Gli episcopi divennero successori degli apostoli e i presbiteri persone cui erano partecipati alcuni poteri degli episcopi.
Ma ecco il testo integrale della bibbia di Gerusalemme:
“Secondo un costume ereditato dall'antico Israele
(Es 18,13s; Nm 11,16 ecc…) le prime
comunità cristiane, sia a Gerusalemme (At 11,30 ecc..) che nella diaspora (At
14,23; ecc…) avevano a capo un collegio di «presbiteri», anziani (senso
etimologico) o notabili. 
Gli «episcopi» (etimologicamente «sorveglianti», cf.
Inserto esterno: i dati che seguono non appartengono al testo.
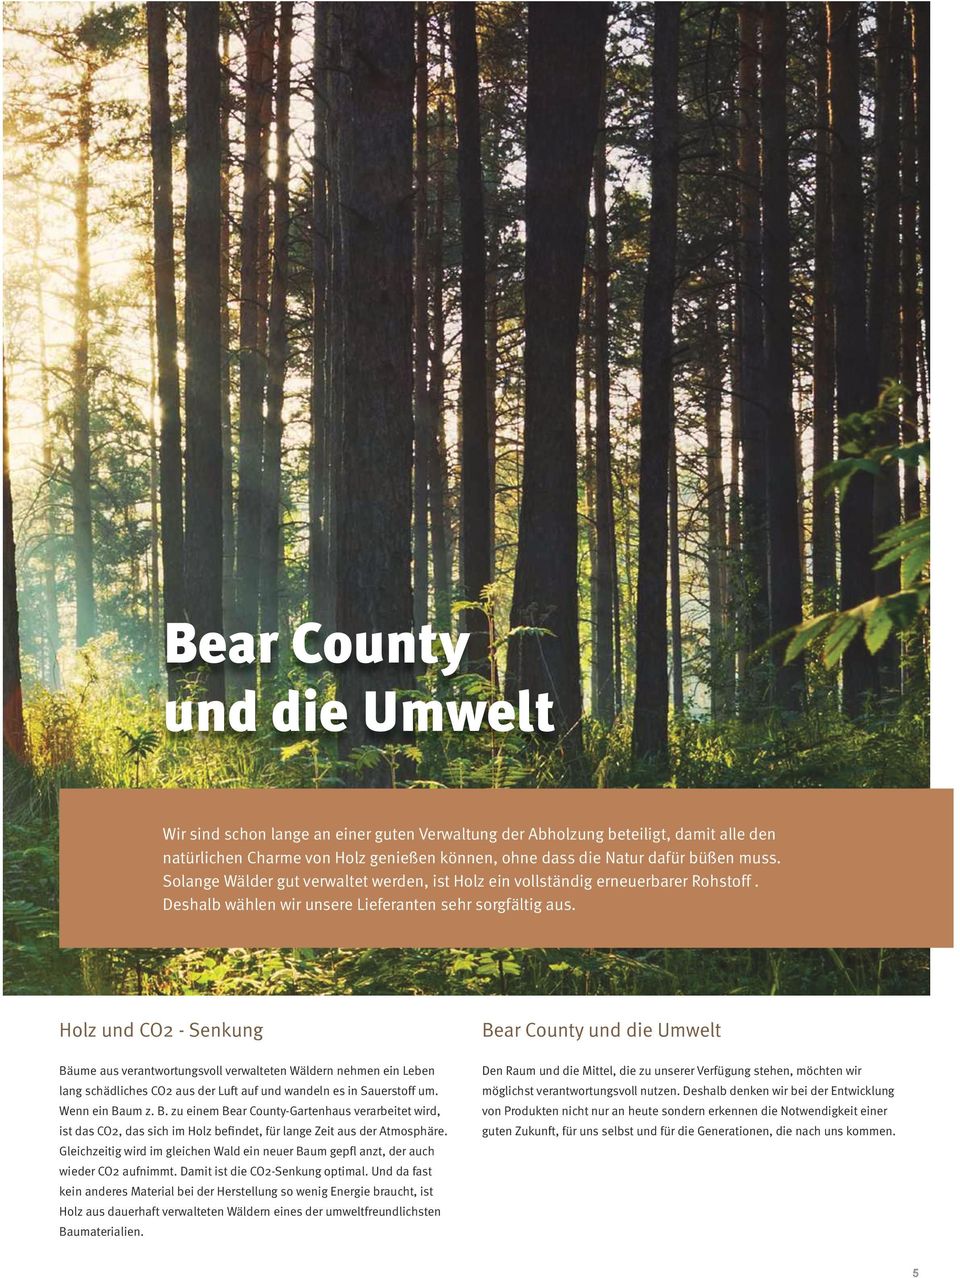 Holz und CO2 - Senkung Bäume aus verantwortungsvoll verwalteten Wäldern nehmen ein Leben lang schädliches CO2 aus der Luft auf und wandeln es in Sauerstoff um. Wenn ein Baum z. B. zu einem Bear County-Gartenhaus verarbeitet wird, ist das CO2, das sich im Holz befindet, für lange Zeit aus der Atmosphäre.

At 20,28) che
non sono ancora «vescovi» e appaiono in stretta relazione con i «diaconi» (Fil 1,1; ecc…) sembrano in certi testi (Tt 1,5.7; At 20,17.28) praticamente identici
ai «presbiteri». (…).
Può darsi che gli episcopi siano stati designati, forse a turno, nel collegio dei presbiteri, per occupare certe cariche attive (cf. 1 Tm 5,17). 
In ogni modo, i presbiteri e gli episcopi cristiani non sono solo incaricati dell'amministrazione temporale, ma anche dell'insegnamento (1 Tm 3,2; ecc…) e del governo (1 Tm 3,5; Tt 1,7).
Stabiliti dagli apostoli (At 14,23) o dai loro rappresentanti (Tt 1,5) con l'imposizione delle mani (1 Tm 5,22; ecc…), essi hanno un potere carismatico (1 Cor 12,28) e di origine divina (At 20,28).
Avendo i loro titoli prevalso a poco a poco sui titoli analoghi di «presidente» (Rm 12.8;  1 Ts 5,12), di «pastore» (Ef 4,11) di «igùmeno» (Eh 13,7.17.24), questi capi di comunità locali sono gli antenati dei nostri «sacerdoti» e «vescovi», mentre i «diaconi» sono i loro ministri.
Il passaggio da questi episcopi-presbiteri al vescovo capo unico del collegio dei sacerdoti, così come appare chiaramente in sant'Ignazio di Antiochia, ha dovuto attuarsi con la trasmissione a un solo episcopo, in ciascuna comunità, dei poteri che gli stessi apostoli, poi i loro rappresentanti come Tito e Timoteo, esercitavano prima su molte comunità” (nota Tt 1,5).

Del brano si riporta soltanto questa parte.